Athena’s flivver dropped from the skies silently, invisibly, just a sector from New Athens. She smiled to herself as she thought how ironic it was. She was originally from a city that was her namesake, and yet she was here to take something that belonged to them.
The camoed flivver could hardly be seen in broad daylight. Here, in brindle light so close to the azimuth of the three suns that served this bleak planet, the flying vehicle could only be seen if you were standing on top of it, or if you had an electronic sensor, which she did.

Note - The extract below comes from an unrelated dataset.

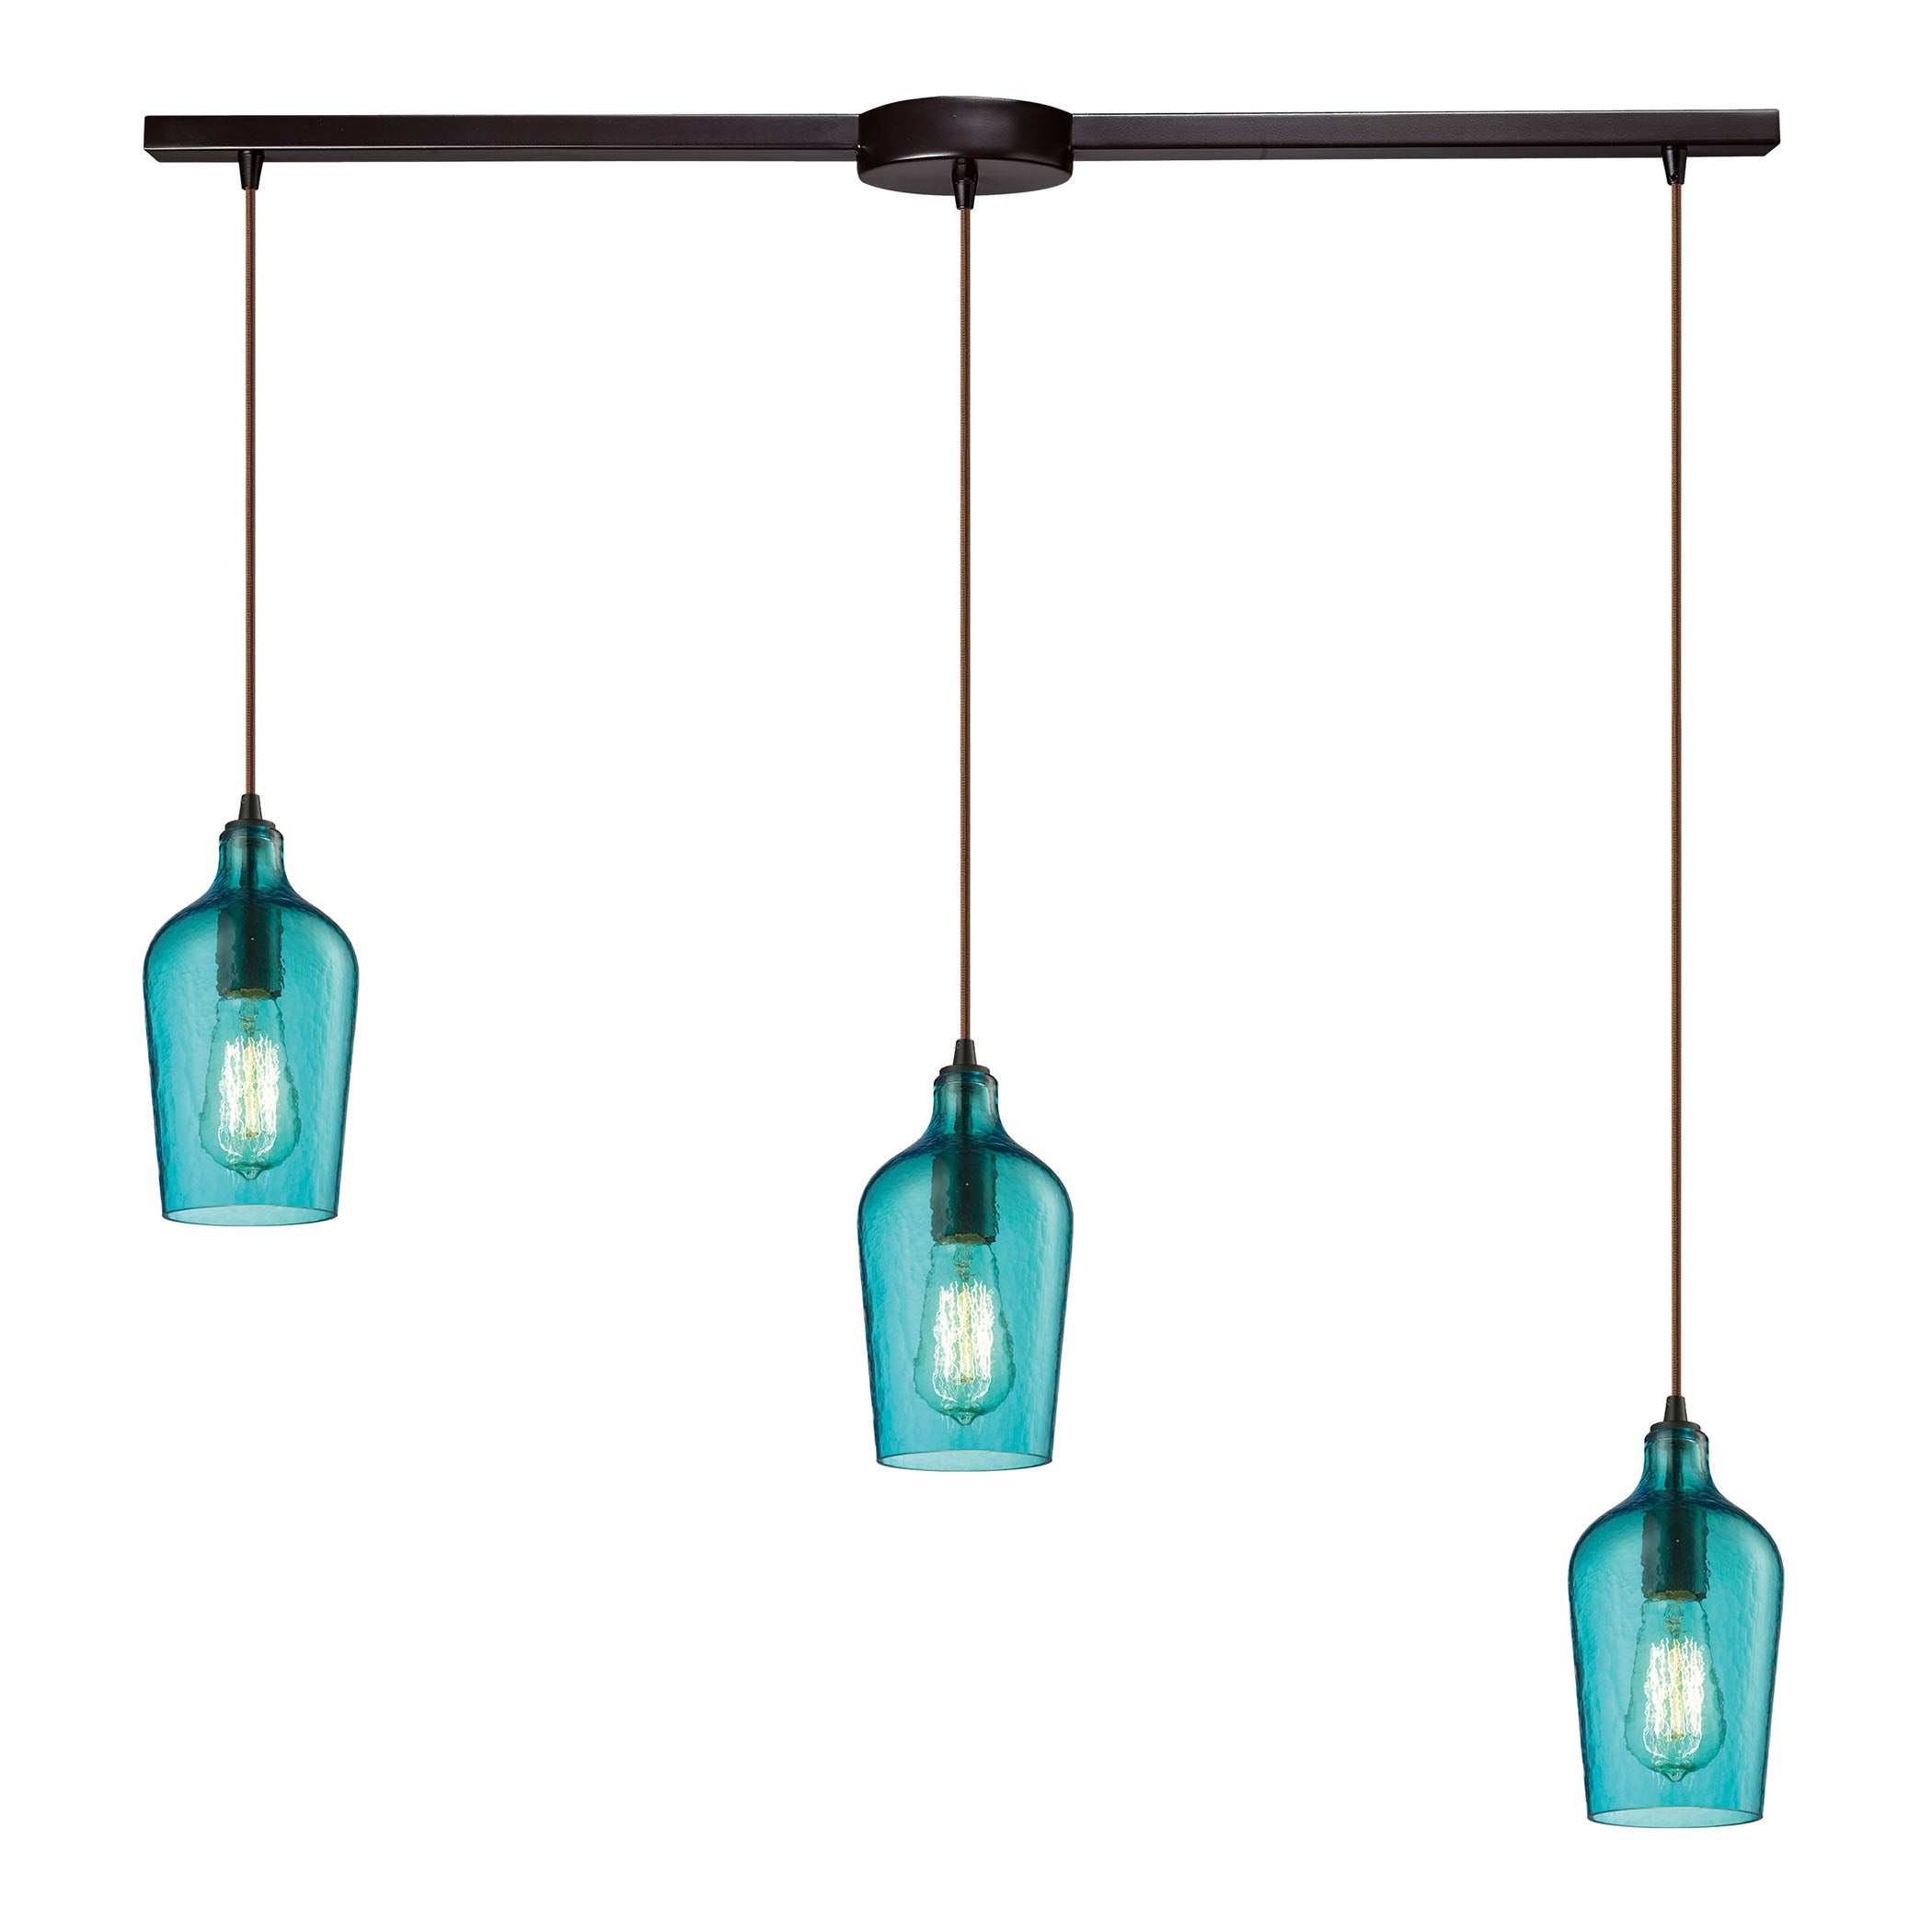 ELK Lighting 10331/3L-HAQ Hammered Glass 3-Light Linear Pendant Fixture in Oiled Bronze with Hammered Aqua Glass
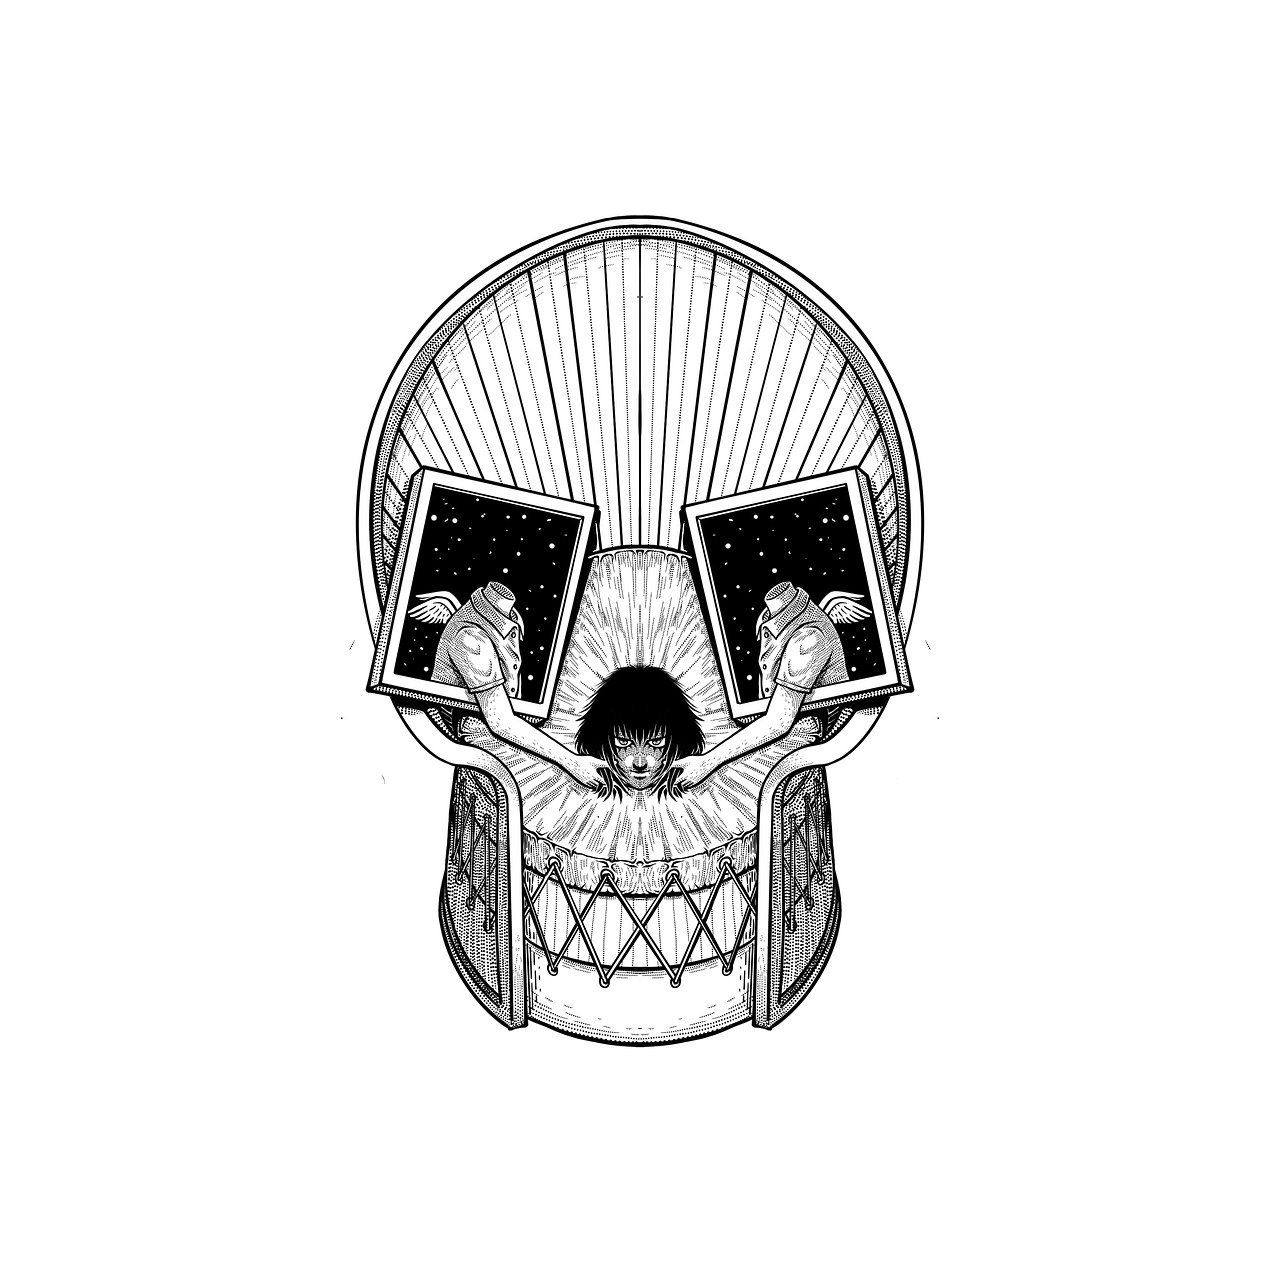 a black and white drawing of a human skull, by Adam Marczyński, beneath the stars, skeleton drummer, symmetrical digital illustration, neil young design

Still thinking about her name and the name of the town, she looked up at the weak light of the three suns: Paris, the yellow dwarf that signaled the onset of a three-year winter; Hector, the gas giant that brought four years of scorching summer; and Achilles, the one people never thought or talked about anymore, the dangerous one. Even now, she saw its pale blue outline on the horizon. Achilles: the death bringer, the tower toppler, the wave crasher. Every child on the planet learned to pray that Achilles would be held away one more season. And for close to a hundred years their prayers had been answered. What they didn’t know—and Athena did—was that scientists had been the ones to answer their prayers. And the cost of answering their prayers had been a thermonuclear detonation.
It was still a couple of hours before the Ascension and the beginning of the Brindle festivities. Athena forgot about astronomy and focused on her job. She pressed a button on her Doppler suit and disappeared from view.